Van Thiel D H, Friedlander L, Malloy P, Wright H I, Gurakar A, Fagiuoli S, Irish W
Oklahoma Tansplant Institute, Baptist Medical Center of Oklahoma, Oklahoma City, USA.
Hepatogastroenterology. 1995 Nov-Dec;42(6):888-92.
BACKGROUND/AIMS: This study was performed to identify response predictors for Interferon therapy given to patients with chronic hepatitis C.
The biochemical measures of liver injury that characterize viral hepatitis due to hepatitis C were followed prospectively in 84 individuals treated with alpha-Interferon. In addition, the liver histology and the hepatic iron content of these same individuals, prior to the initiation of Interferon therapy, were determined.

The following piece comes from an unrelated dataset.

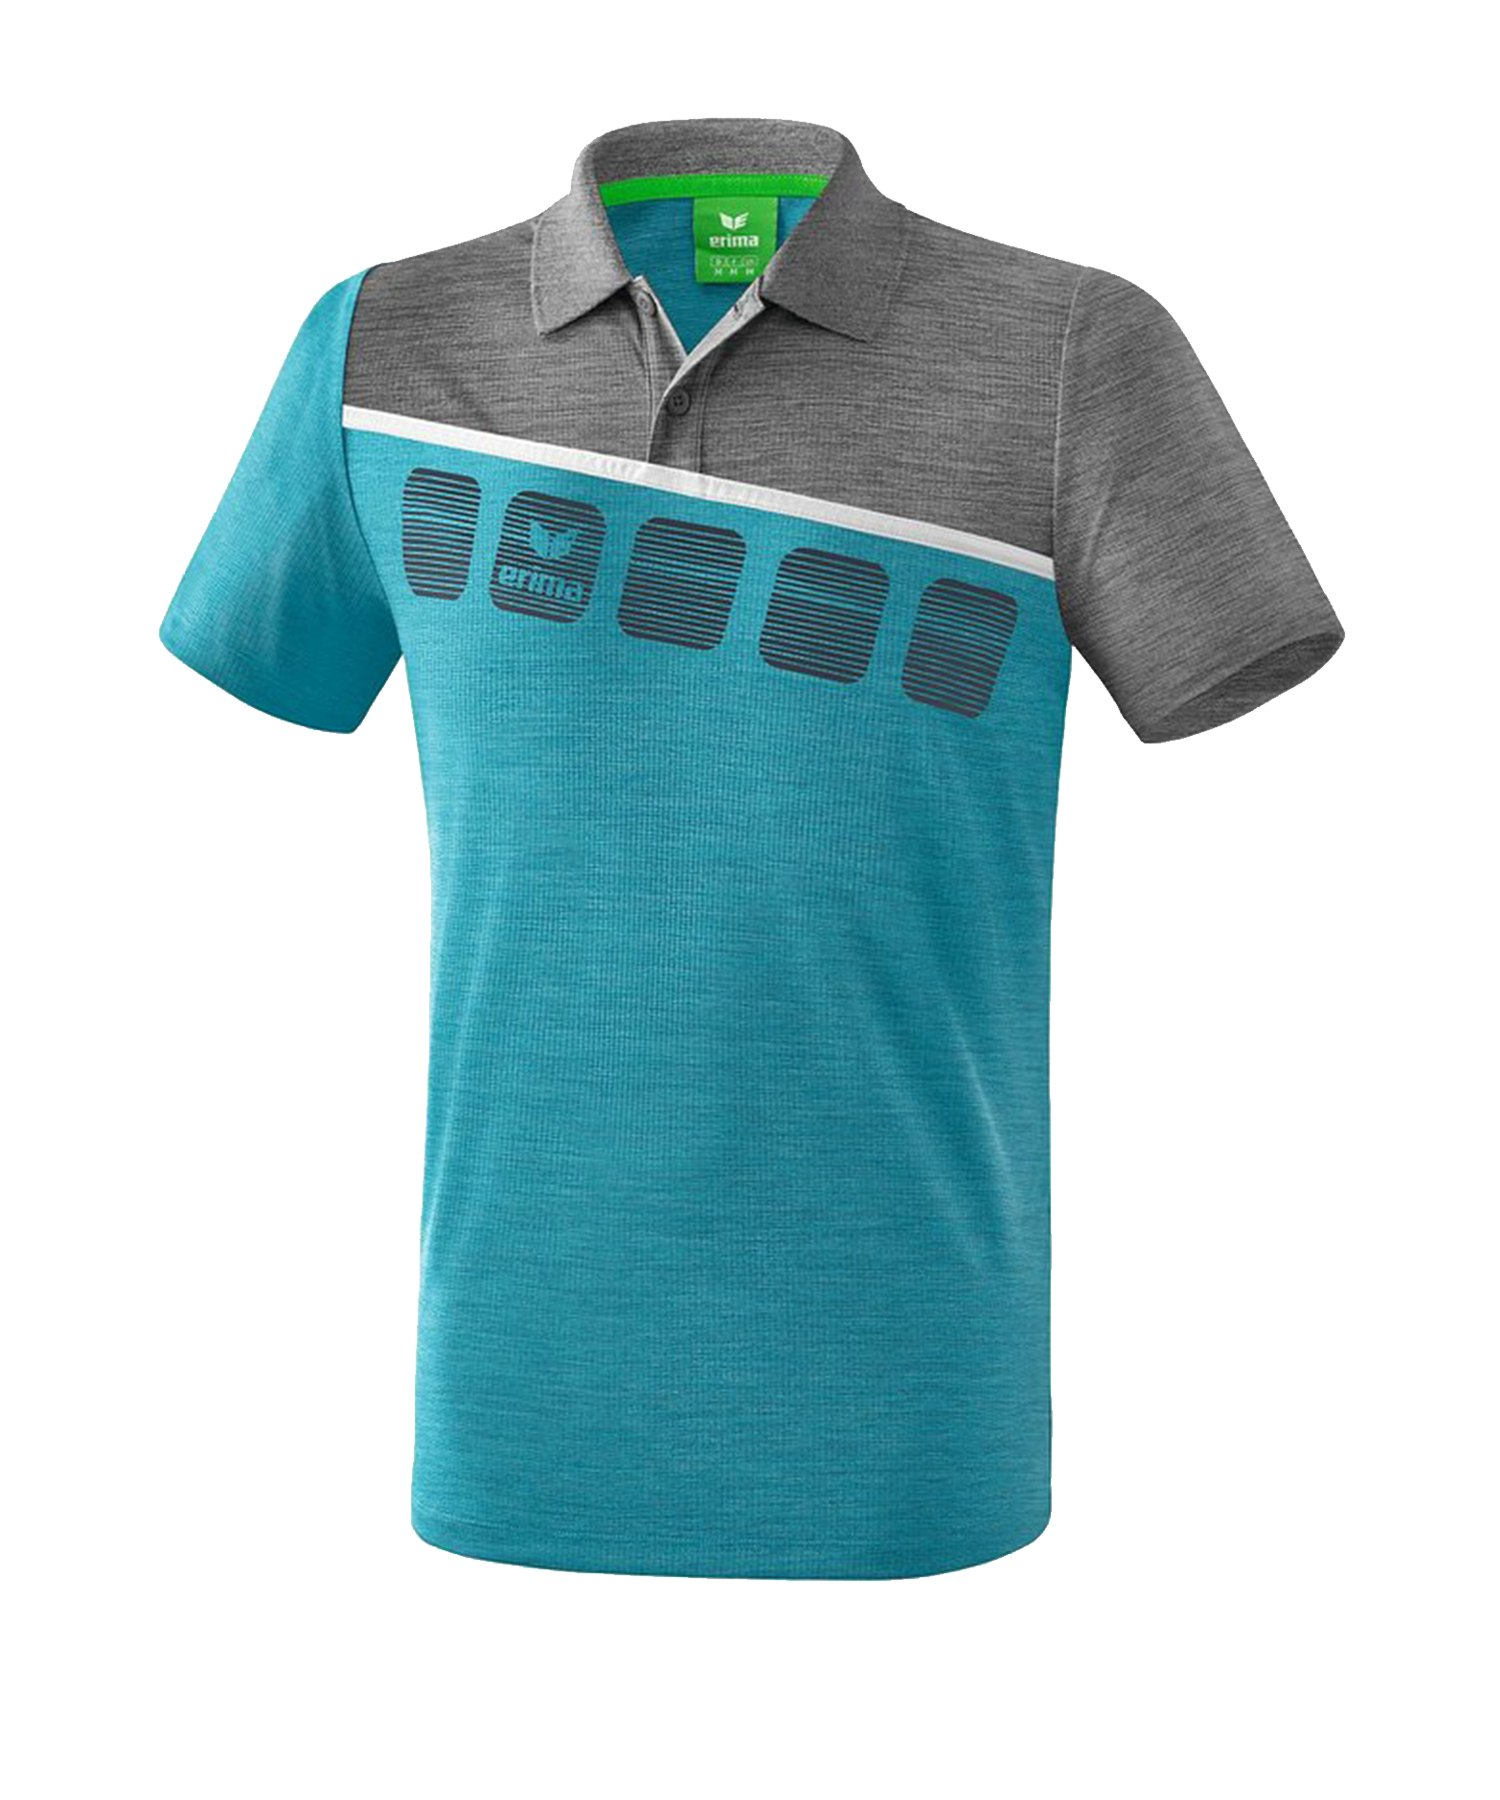 Erima 5-C Poloshirt Blau Grau - Blau

Patients not responding to the interferon therapy showed an increase in liver iron content from an average of 337 micrograms/g wet weight. In responder to a value of 1075 micrograms/g wet weight in non responders. gamma-glutamyl transpeptidase levels in responders were significantly lower than in partial or non-responders.

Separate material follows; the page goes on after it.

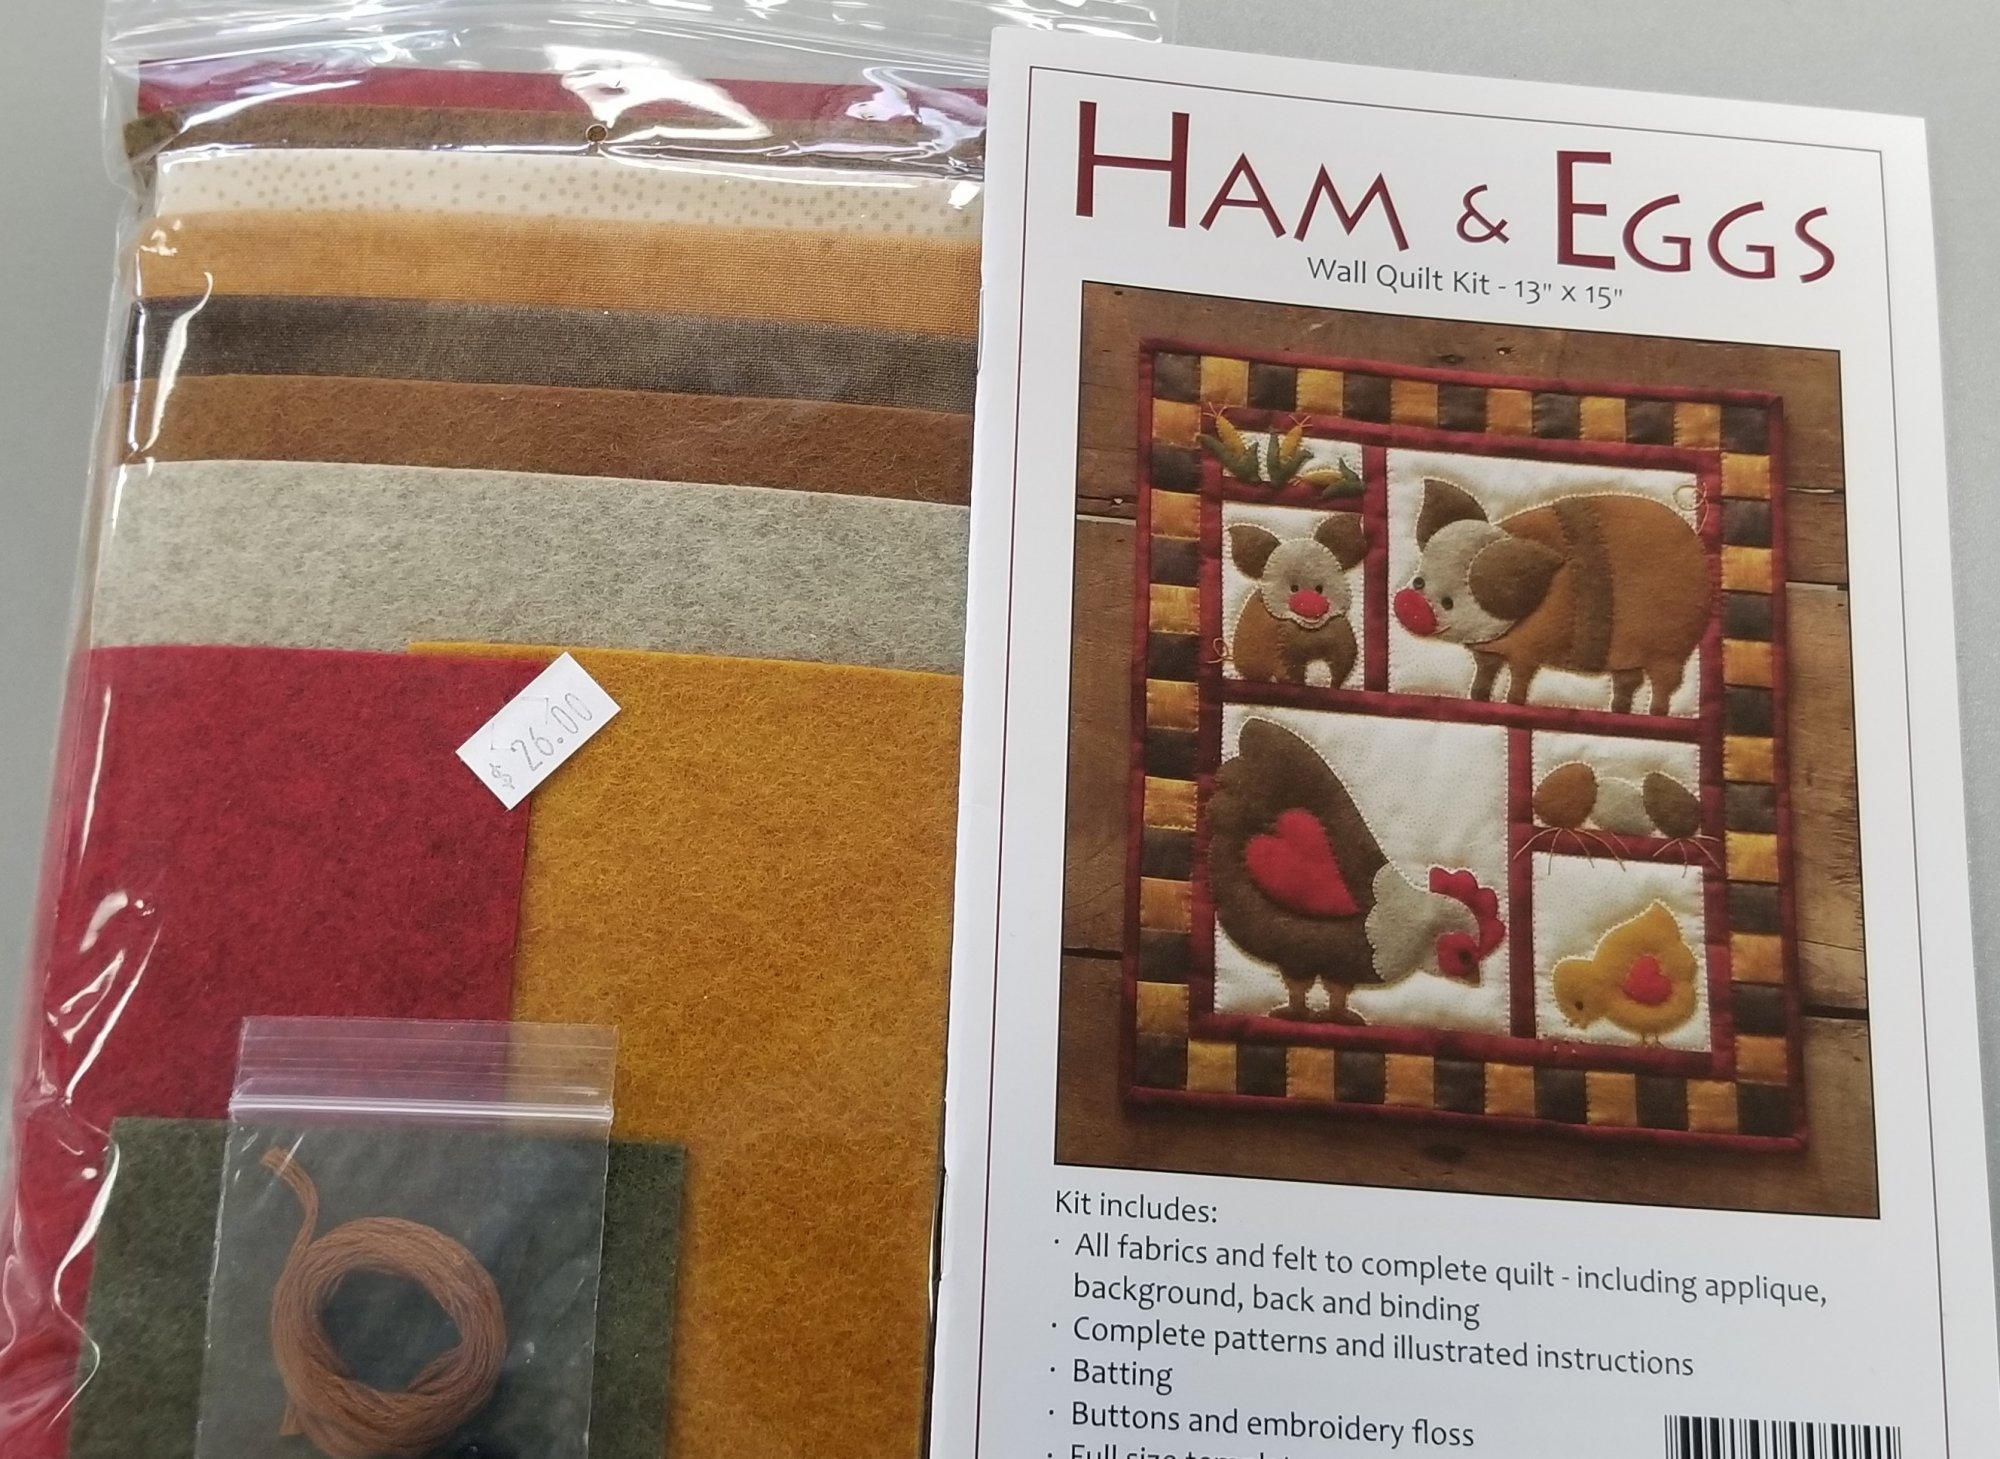 Ham & Eggs Wall Quilt Kit

Both the hepatic iron content of the liver and the gamma-glutamyl transpeptidase value prior to treatment were able to predict a clinical response to Interferon therapy. More importantly, the gamma-glutamyl transpeptidase level measured in serum could be used to monitor the IFN response during treatment and was found to predict clinical exacerbations of hepatitis following withdrawal of Interferon therapy.